In The Face Of Global Trade Wars And Tempered Demand, Has The Battery Supply Chain In North America Lost Its Charge?
According to the International Energy Agency, the market share of EVs in the US (including plug-in hybrids) jumped from 0.2% of total car sales in 2011 to 4.6% in 2021, with similar adoption rates also seen in Canada and Mexico. However, this initial increase has stagnated in recent years. Speaking at ALSC Global last year, Criss Edwards, president and managing director North America at Unipart, explained that there was only a small increase in total market share from 2023 to 2024, from 7.5% to 8%.
Despite this recent slowdown, automakers have poured millions of dollars into the EV space, encouraging innovation at every stage of the value chain. Experts at this year’s Finished Vehicle Logistics North America conference were positive about EV forecasts and the steps that North American companies had taken to reinforce EV and battery production in the face of disruption.
At the conference, Thomas Shannon, finished vehicle operations manager for ports and logistics EV at GM, said that the most important parts of an EV and any associated logistics were “batteries, batteries [and] batteries.” The question is, how might changes to EV demand in North America impact this key component?
At a glance: highs and lows of the North American EV supply chain
President Trump’s culling of tax credits and rebates for EVs sent shockwaves through the EV landscape, leading many to worry about its continued growth. Even before the Inflation Reduction Act announcement, growth had stagnated compared to initial forecasts but remained consistent.
However, automakers of various scales remained optimistic, with both domestic and foreign OEMs pumping investment into improving EV production and logistics capabilities.
These nearshoring efforts alongside innovation in logistics infrastructure make the future of EVs mean that automakers are better equipped to deal with demand fluctuations, but uncertainty in forecasts remains high.
A major contributor in the rapid growth of EVs in the US market over the last few years has been the increased support for EV development and purchasing. The Biden administration’s Inflation Reduction Act (IRA), and the Chips and Science Act, both sought to encourage domestic EV production while making it easier for consumers to buy into EVs. The former legislation introduced tax credits for EVs manufactured in the US while the latter provided federal support for technical R&D into semiconductors, which are crucial for EVs. A 2024 report by Sucden Financial pointed directly to these regulations as being key to the growth of the EV market – as without them, there would have been no way to “accelerate the adoption” of EVs in the US.
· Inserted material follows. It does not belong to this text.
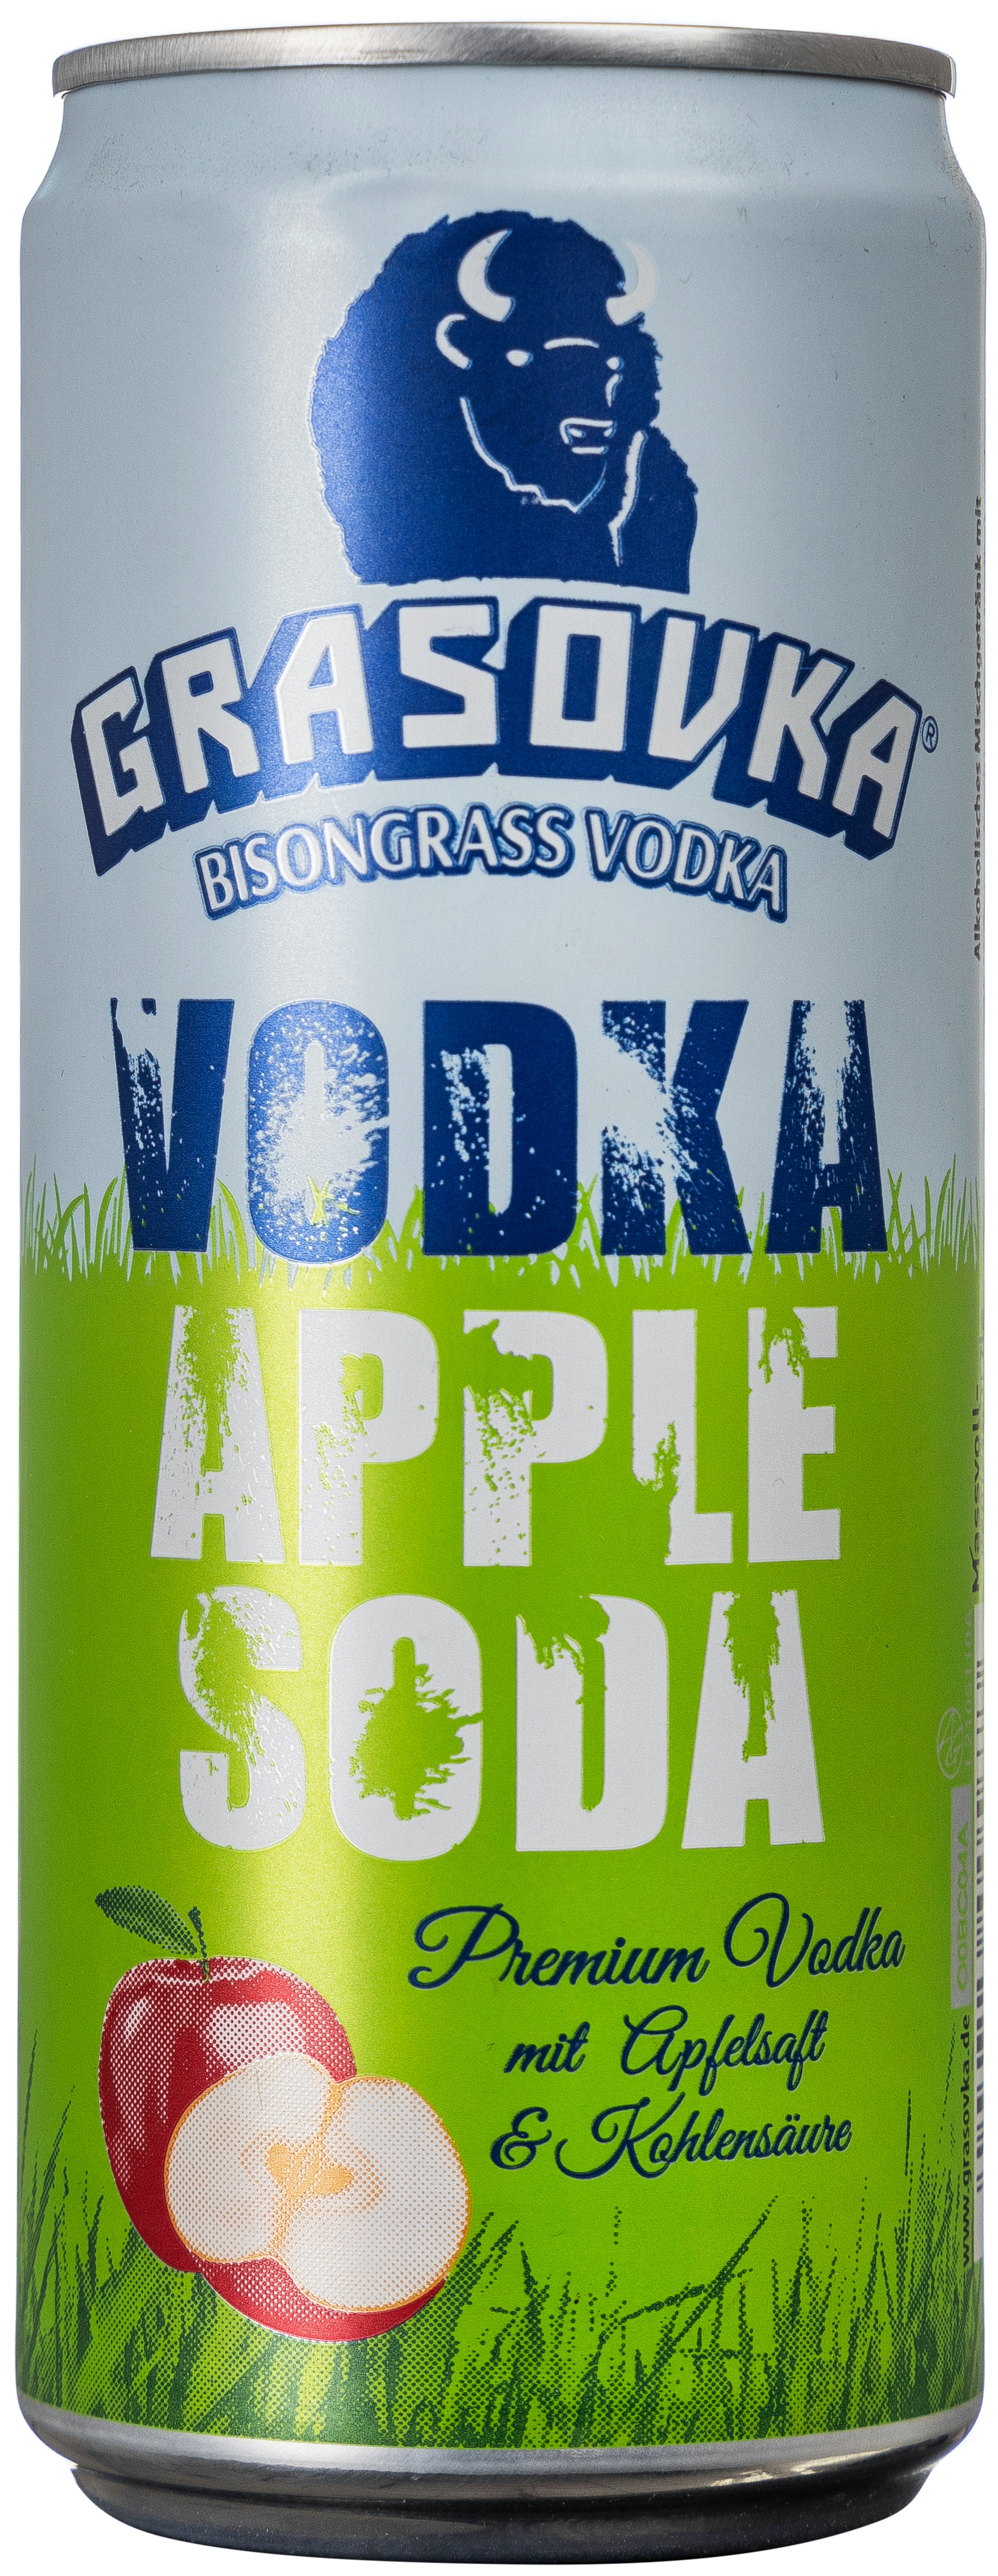 Grasovka Bisongrass Vodka Apple Soda 10 % vol. 0,33L EINWEG

Facilitated by federal support for research and increased consumer buy-in to the space, the demand for batteries skyrocketed and far outweighed the supply and production capabilities. This continued on a trend seen in the wake of the Covid pandemic where core battery materials – most commonly lithium, but also cobalt and nickel – were in short supply, leading to increased prices and resource competition. Despite these supply-side challenges, automakers saw success in the hybrid and EV space, with almost 20m units being sold in the US in 2022 alone.
However, very early into his new term, President Trump announced a halt on IRA benefits. This followed an earlier statement about revoking an unspecified EV mandate.
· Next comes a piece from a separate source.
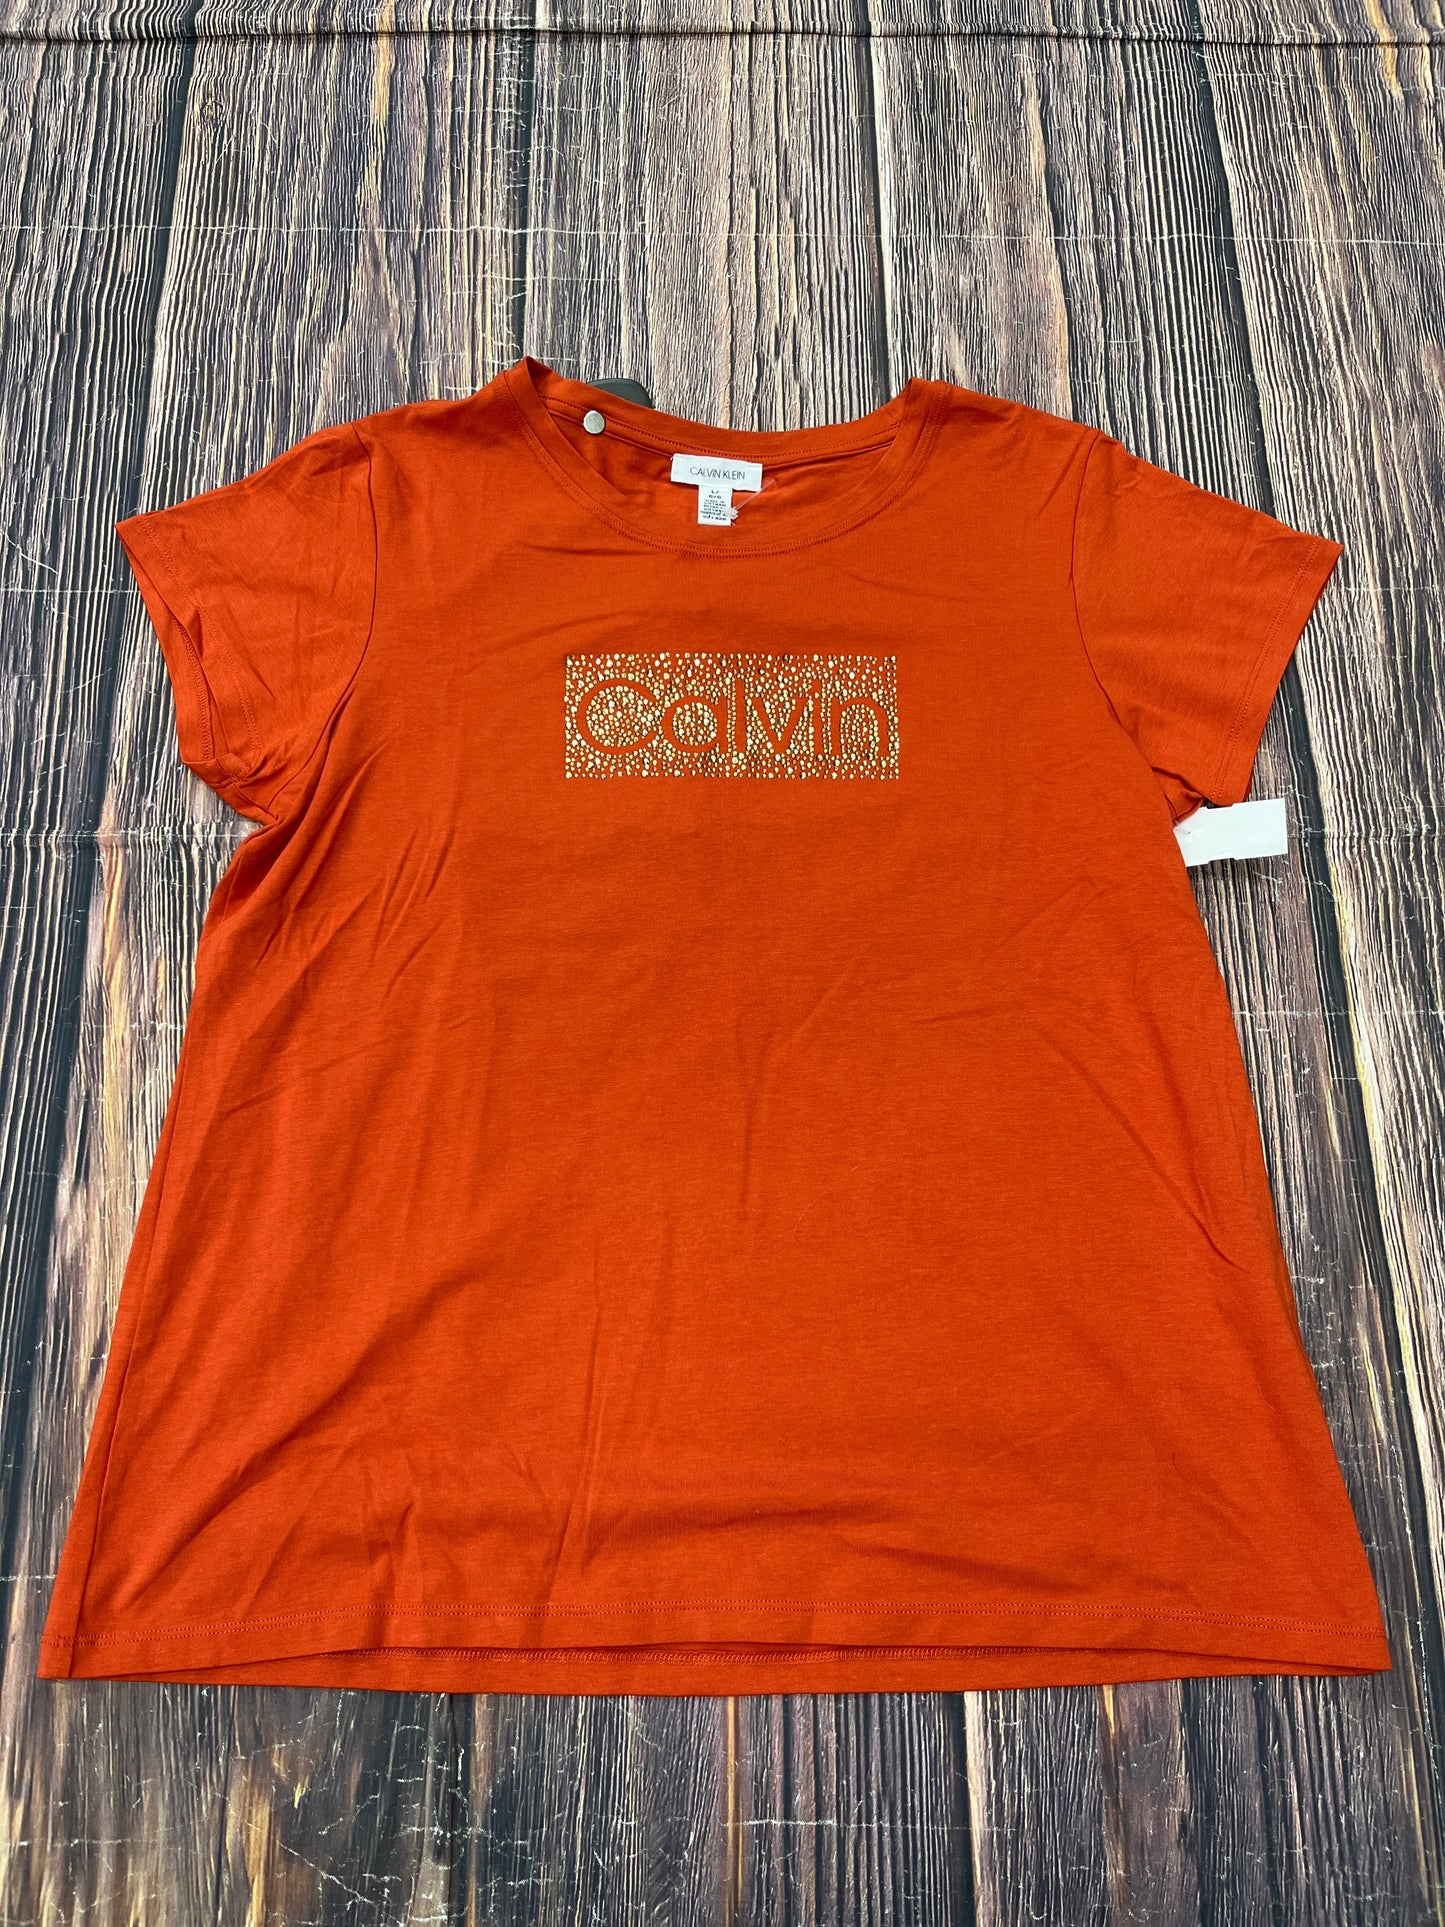 Orange Top Short Sleeve Calvin Klein, Size L

The response to this was mixed, with some suggesting it could help address the difference between demand and supply in the domestic US market for EVs. If such a slowdown occurred, it would relieve some pressure on the battery supply chain and potentially help level out the price of battery materials. However, others feared it would see EV adoption stagnate even further, resulting in wasted investment for OEMs and exacerbating existing fiscal pressures.
The Trump administration “paint[ed] a clear expectation for US policy direction in the immediate term,” according to Stephanie Brinley, associate director of AutoIntelligence at S&P Global Mobility, who was commenting at the time. Her prediction was correct, as a bill recently introduced by the House of Representatives seeks to remove several of the tax credits associated with EVs. That includes the Commercial Clean Vehicle Credit, part of the IRA, which stipulates that businesses and tax-exempt organisations that buy a qualified commercial clean vehicle may qualify under Internal Revenue Code (IRC) 45W for a clean vehicle tax credit of $7,500 for vehicles of up to 6,350kg, and $40,000 for vehicles over that weight.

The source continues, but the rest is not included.